Из трехкомнатной театральной квартиры, готовя ее к ремонту, вывезли все, и выглядела она, покрытая следами десятков временных, случайных жильцов: ободранные, исчерченные обои, обрывки афиш, фотографий, обломки макетов и мебели, сор — достаточно экзотично. Стол заменяла, лежа на собранных в дорогу чемоданах, снятая с петель дверь; вместо стульев — подручная мягкая рухлядь, пальто гостей. Я явился в разгар пьянки: свечи, дым коромыслом, музыка, танцы, плач в жилетки друг другу по оголенным темным углам, и кто-то занимается любовью в недрах опустевшего стенного шкафа, и какая-то актриса пытается утопиться в ванне. Я скучал и от скуки медленно набирался, как вдруг возникла неприглашенная Синёва, принесла бутылку сучкА и банку баклажанной икры за двадцать семь копеек и, тихая, как тогда, у Сосюры, села на подоконник. Все окружение мигом ушло, провалилось, остались одни Ленины глаза, из которых ни для кого, кроме меня, не заметно — пьянка! проводы! до чужих слез ли?! — текли по нейтральному, точно у невменяемой, лицу слезы.

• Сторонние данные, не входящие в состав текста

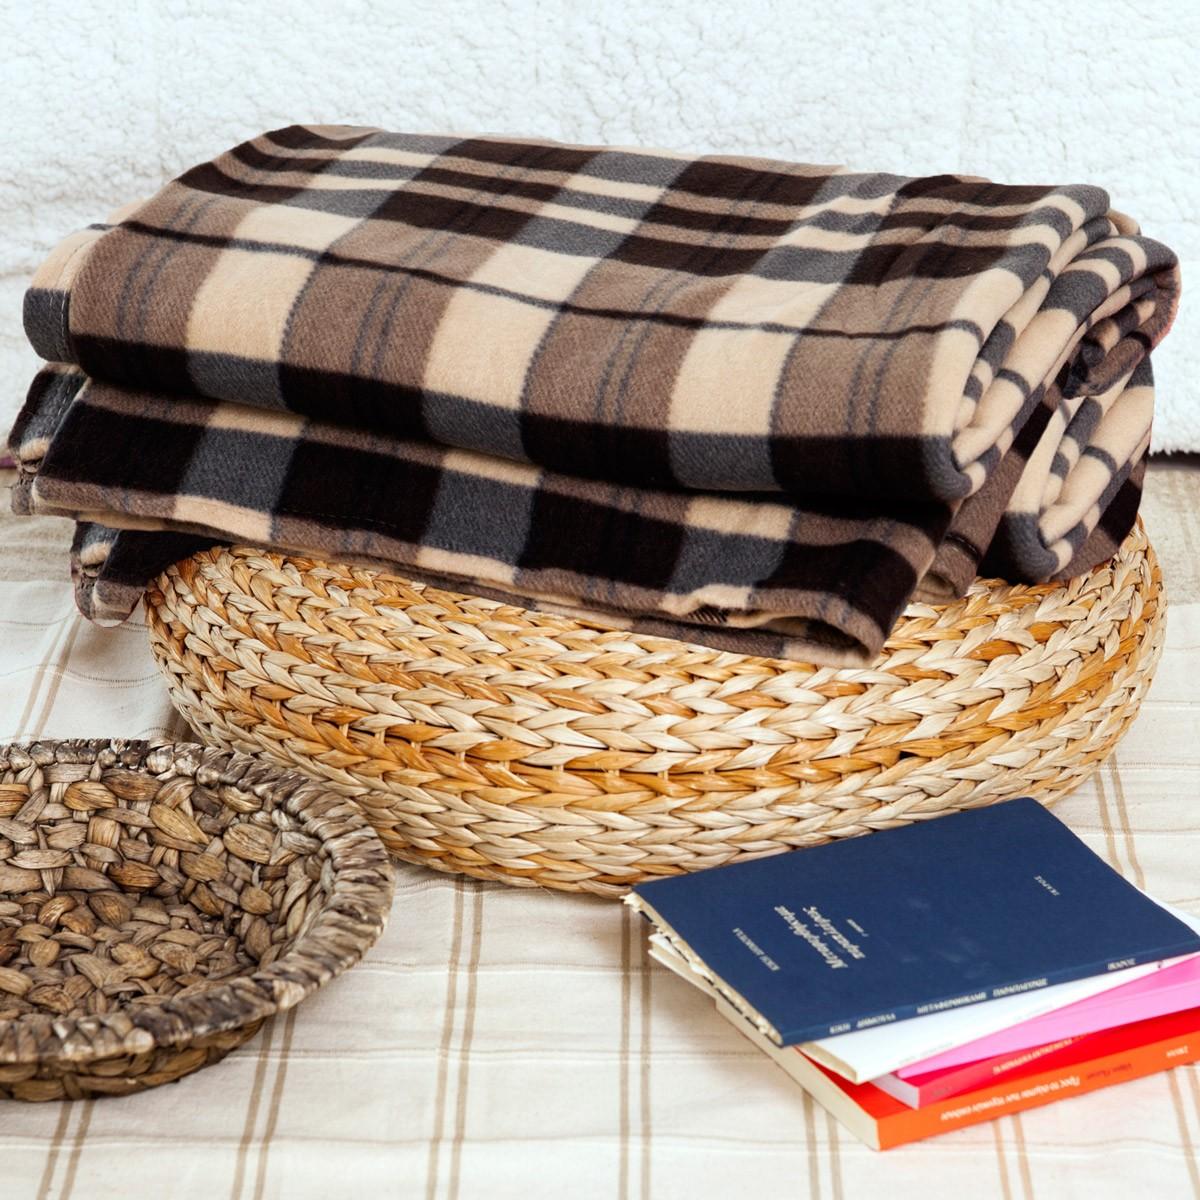 Κουβέρτα Fleece Υπέρδιπλη Melinen Checked Brown

Рыльце в пушку, я принял их на свой счет и, удержавшийся убежать, едва Синёва явилась, бродил по квартире, мешая всем, но, что ни минута, оказывался в прямой видимости проклятого, манящего подоконника. Нет, Лена категорически, подчеркнуто не желала обращать внимание на меня, она снова, как там, в Ленинграде, меня презирала, брезговала снизойти даже до каких-нибудь в мой адрес обидных слов, до выяснения отношений, до упрека, даже до взгляда не снизошла! — и я, взбешенный, не выдержал наконец, подсел: а с чего вы, черт побери, взяли, что я непременно назначу вас на роль?! Она взглянула на меня откуда-то очень издалека, не вдруг узнавая, а когда узнала, расхохоталась: я?! из-за вас?! Боже, вот насмешили-то! Тут я уже счастлив был бы не поверить Лениной реакции, ибо любое презрение дороже полного игнорирования, но не поверить не существовало оснований, и мне ничего другого не осталось — только согнать кого-то пьяного с моего пальто, схватить его за вешалку с пола и бежать, бежать, бежать, и уже на улице, на отрезвляющем морозце, осознать, как весь напрягся, напружинился, подался к Лене Нахарес, готовый не то защитить ее, не то избить, как она, раз начав и не умея остановиться, хохотала, хохотала, хохотала жутким истерическим хохотом. Стыдная, тоскливая ревность к ленинградцу Нахаресу поднялась во мне, ничего, приговаривал я, пиная с размаху попадавшиеся под ноги снежные комки, ничего, завтра утром ты уедешь, а я… а я останусь с нею, здесь!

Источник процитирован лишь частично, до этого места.